Full-Thickness Resection Device for Complex Colorectal Lesions in High-Risk Patients as a Last-Resort Endoscopic Treatment: Initial Clinical Experience and Review of the Current Literature.

Autor: Wedi E; Department of Gastroenterology and Gastrointestinal Oncology, University Medical Center Göttingen, Göttingen, Germany., Orlandini B; Department of Gastroenterology, Careggi University Hospital, Florence, Italy., Gromski M; Division of Gastroenterology, Indiana University School of Medicine, Indianapolis, IN, USA., Jung CFM; Department of Gastroenterology and Gastrointestinal Oncology, University Medical Center Göttingen, Göttingen, Germany., Tchoumak I; Department of Gastroenterology and Gastrointestinal Oncology, University Medical Center Göttingen, Göttingen, Germany., Boucher S; Department of Pathology, Nouvel Hôpital Civil, Strasbourg University Hospitals, Strasbourg, France., Ellenrieder V; Department of Gastroenterology and Gastrointestinal Oncology, University Medical Center Göttingen, Göttingen, Germany., Hochberger J; 5Department of Internal Medicine, Vivantes Klinikum im Friedrichshain, University Teaching Hospital of Humboldt University Berlin (Charité), Berlin, Germany.
Jazyk: angličtina
Zdroj: Clinical endoscopy [Clin Endosc] 2018 Jan; Vol. 51 (1), pp. 103-108. Date of Electronic Publication: 2018 Jan 31.
DOI: 10.5946/ce.2017.093
Abstrakt: The full-thickness resection device (FTRD) is a novel endoscopic device approved for the resection of colorectal lesions. This case-series describes the device and its use in high-risk patients with colorectal lesions and provides an overview of the potential indications in recently published data. Between December 2014 and September 2015, 3 patients underwent endoscopic full thickness resection using the FTRD for colorectal lesions: 1 case for a T1 adenocarcinoma in the region of a surgical anastomosis after recto-sigmoidectomy, 1 case for a non-lifting colonic adenoma with low-grade dysplasia in an 89-year old patient and 1 for a recurrent adenoma with high-grade dysplasia in a young patient with ulcerative rectocolitis who was under immunosuppression after renal transplantation.
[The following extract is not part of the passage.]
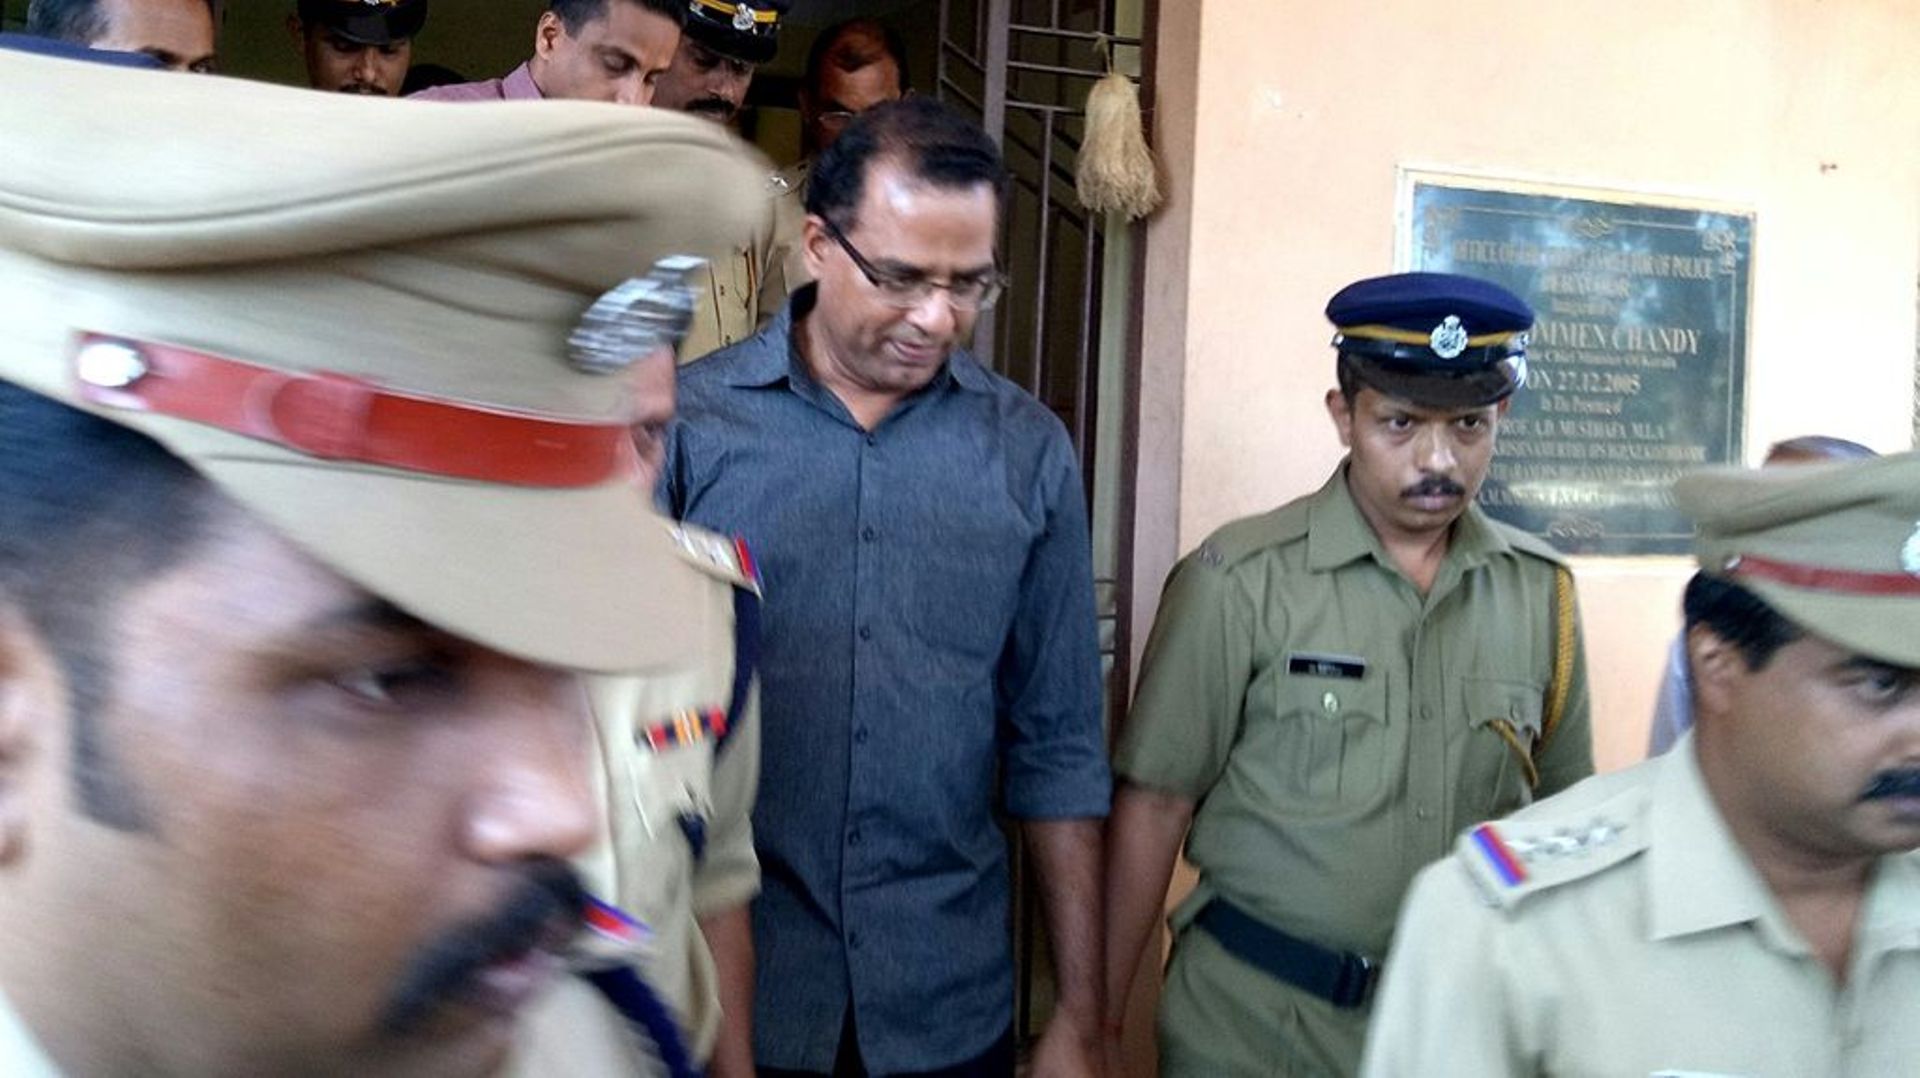 Robin Vadakkumchery escorté par des policiers après son arrestation, le 28 février 2017 à Peravoor, dans le sud de l'Inde
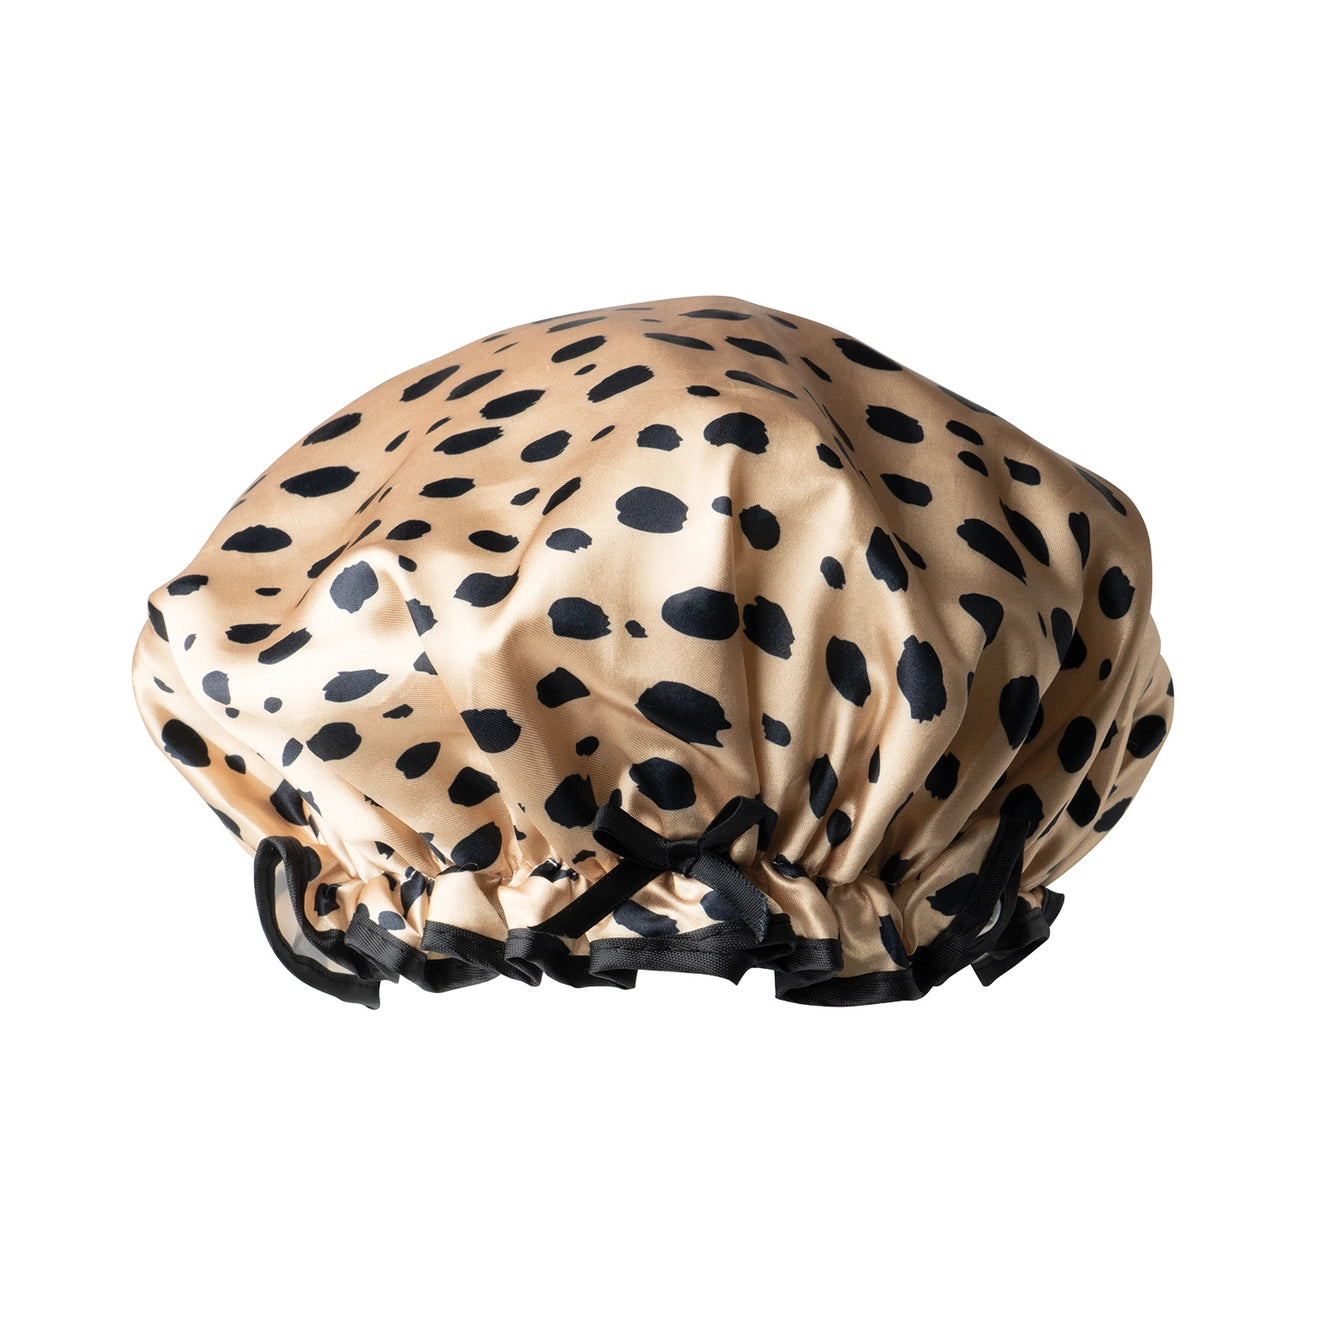 tan and black cheetah printed shower cap

Both technical and clinical success rates were achieved in all cases. The size of removed lesions ranged from 9 to 30 mm. Overall, the most frequent indication in the literature has been for lifting or non-lifting adenoma, submucosal tumors, neuroendocrin tumors, incomplete endoscopic resection (R1) or T1 carcinoma. Colorectal FTRD is a feasible technique for the treatment of colorectal lesions and represents a minimally invasive alternative for either surgical or conventional endoscopic resection strategies.